To determine the number of plates required for the plate heat exchanger, we can use the equation:

Q = U * A * ΔTlm

Where:

Q is the heat transfer rate (in Watts)

U is the overall heat transfer coefficient (in W/m^2 * °C)

A is the effective heat transfer area (in m^2)

ΔTlm is the logarithmic mean temperature difference (in °C)

First, we need to calculate the heat transfer rate using the formula:

Q = m * Cp * ΔT

Where:

m is the mass flow rate (in kg/h)

Cp is the specific heat capacity (in kJ/kg * °C)

ΔT is the temperature difference (in °C)

For the process stream:

ΔT1 = 80°C - 26°C = 54°C

Q1 = 30000 kg/h * 2301 kJ/kg°C * 54°C = 3601548000 kJ/h = 1000424 W

For the water:

ΔT2 = 20°C - 26°C = -6°C (negative because water is cooling down)

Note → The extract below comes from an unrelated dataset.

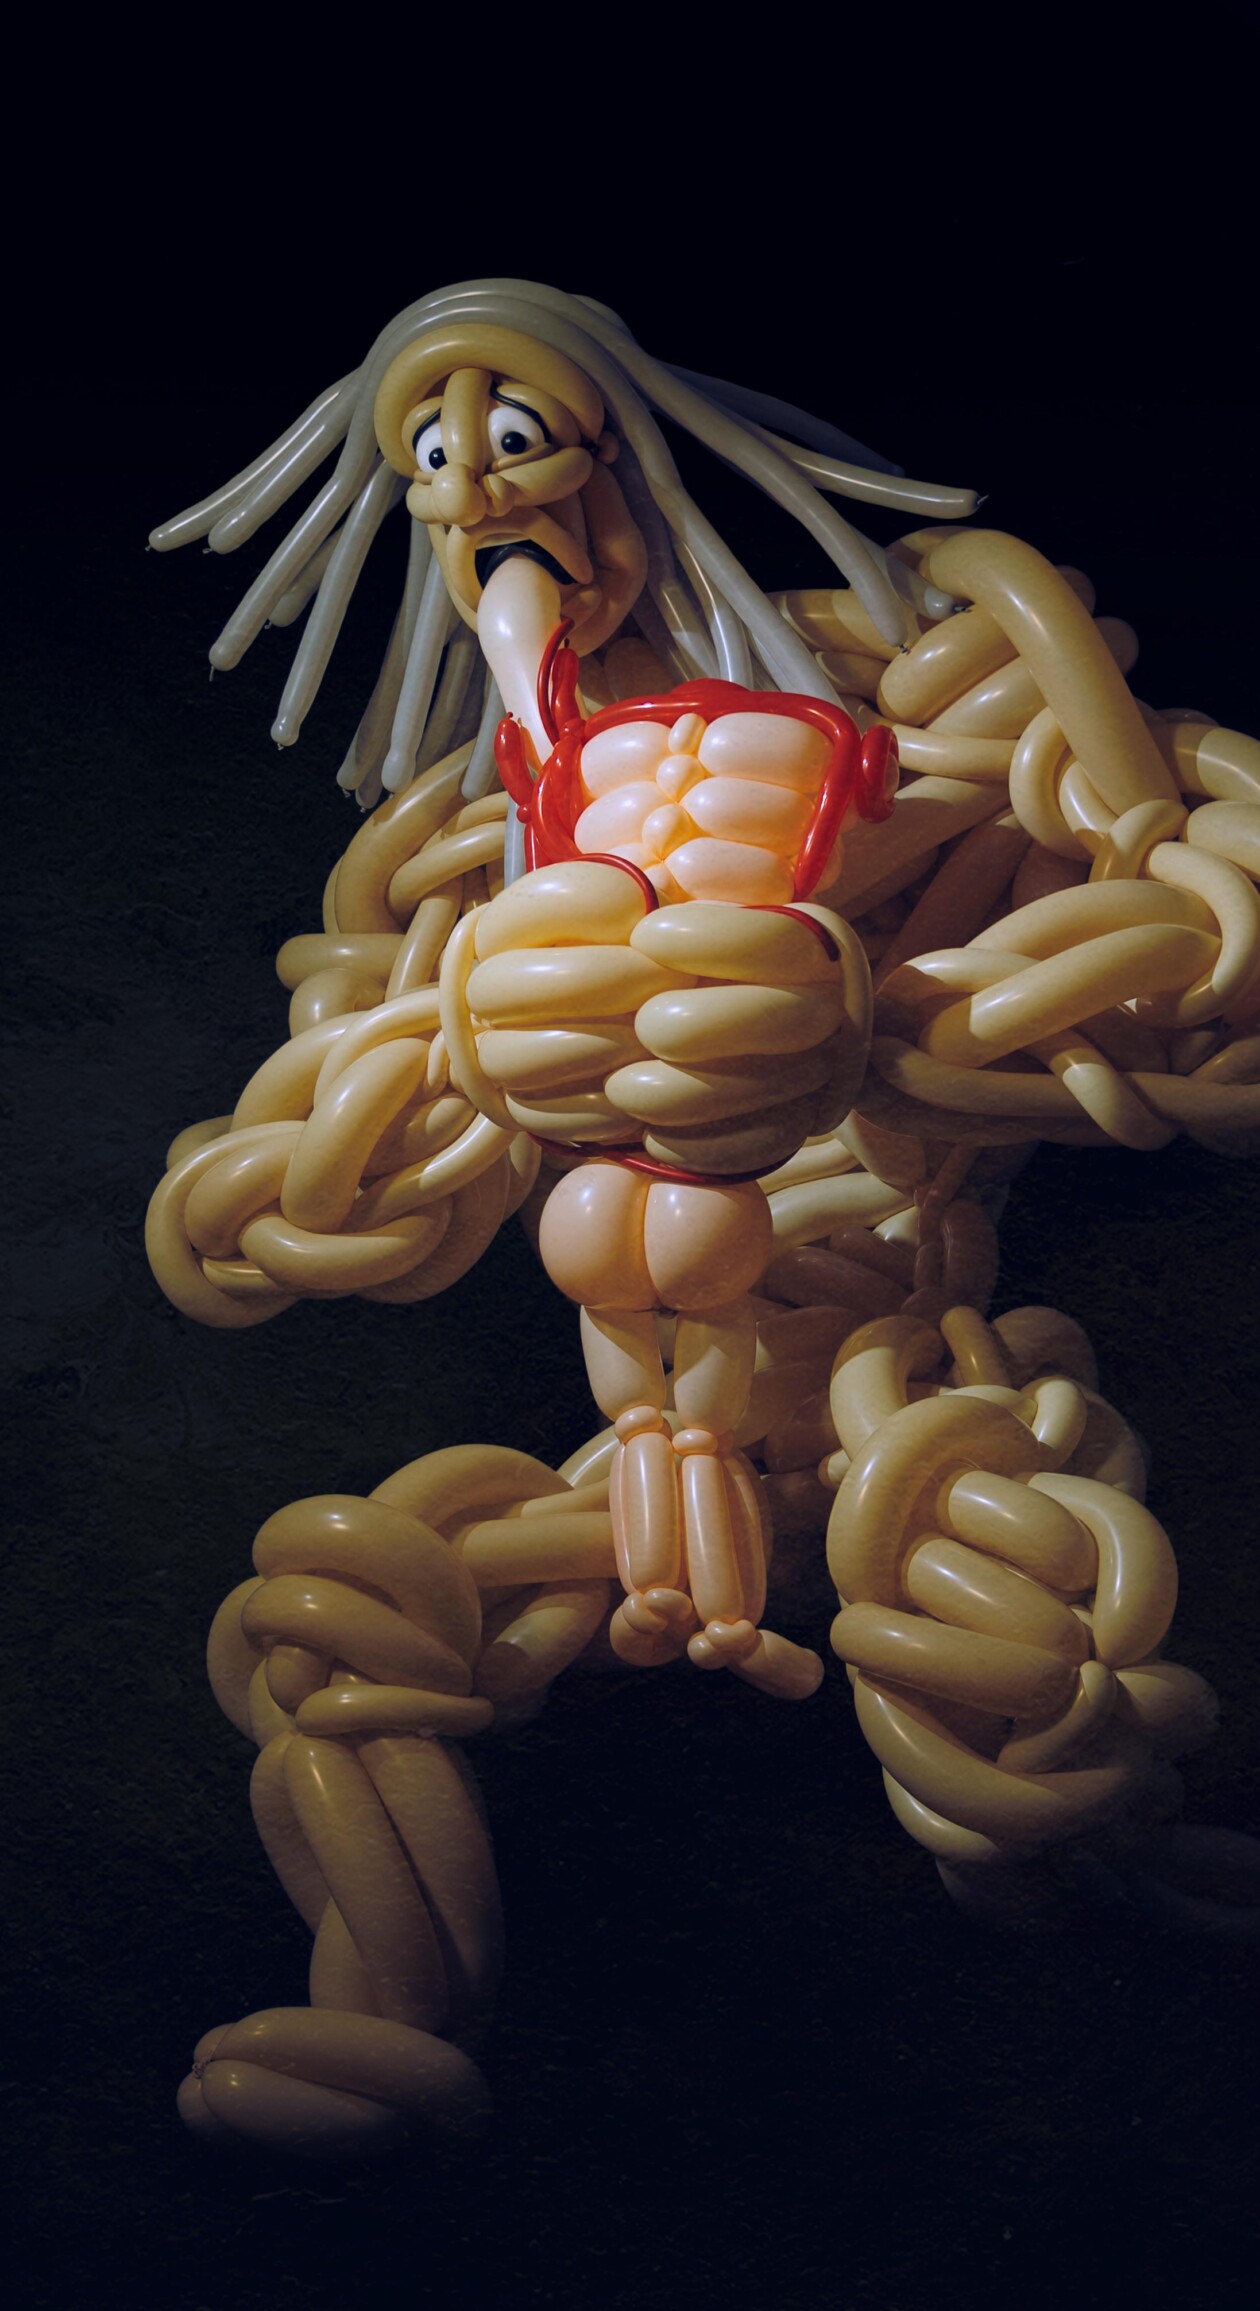 Incredible Balloon Sculpture Inspired By Francisco Goya's Painting Saturn Devouring His Son, Designed By Dj Morrow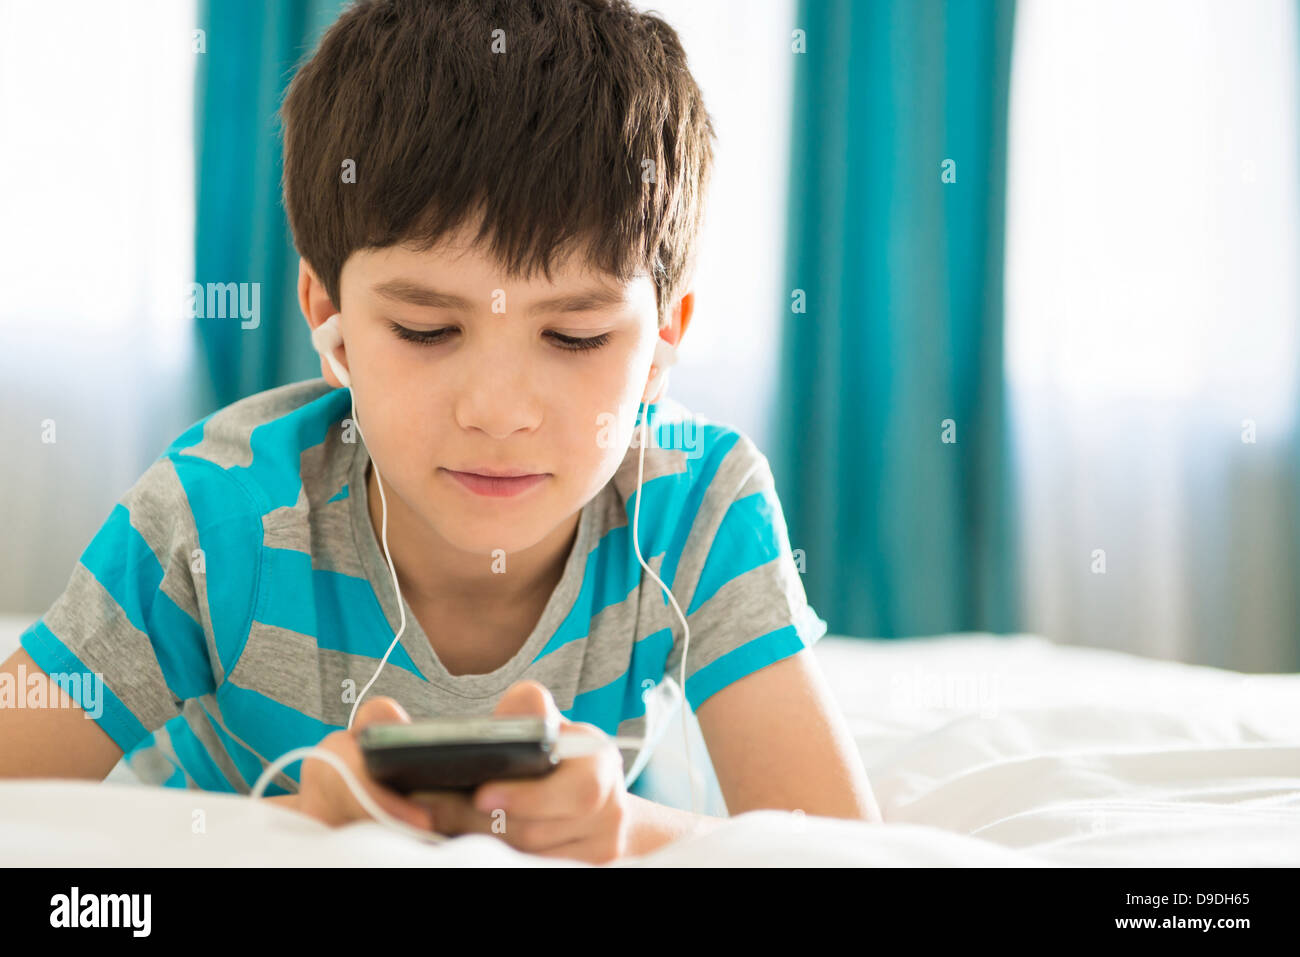 Boy listening to mp3 player on bed Banque D'Images

Q2 = 21515 kg/h * 4185 kJ/kg°C * (-6°C) = -538308210 kJ/h = -149530 W

The total heat transfer rate can be obtained by summing Q1 and Q2:

Q = Q1 + Q2 = 1000424 W - 149530 W = 851894 W

Now, we can calculate the effective heat transfer area:

A = Q / (U * ΔTlm)

To find ΔTlm, we can use the formula:

ΔTlm = (ΔT1 - ΔT2) / ln(ΔT1 / ΔT2)

ΔTlm = (54°C - (-6°C)) / ln(54°C / (-6°C)) ≈ 25.39°C

Substituting the values, we have:

A = 851894 W / (520 W/m^2 * °C * 25.39°C) ≈ 65.61 m^2

Each plate has an area of 0.8 m * 1.75 m = 1.4 m^2.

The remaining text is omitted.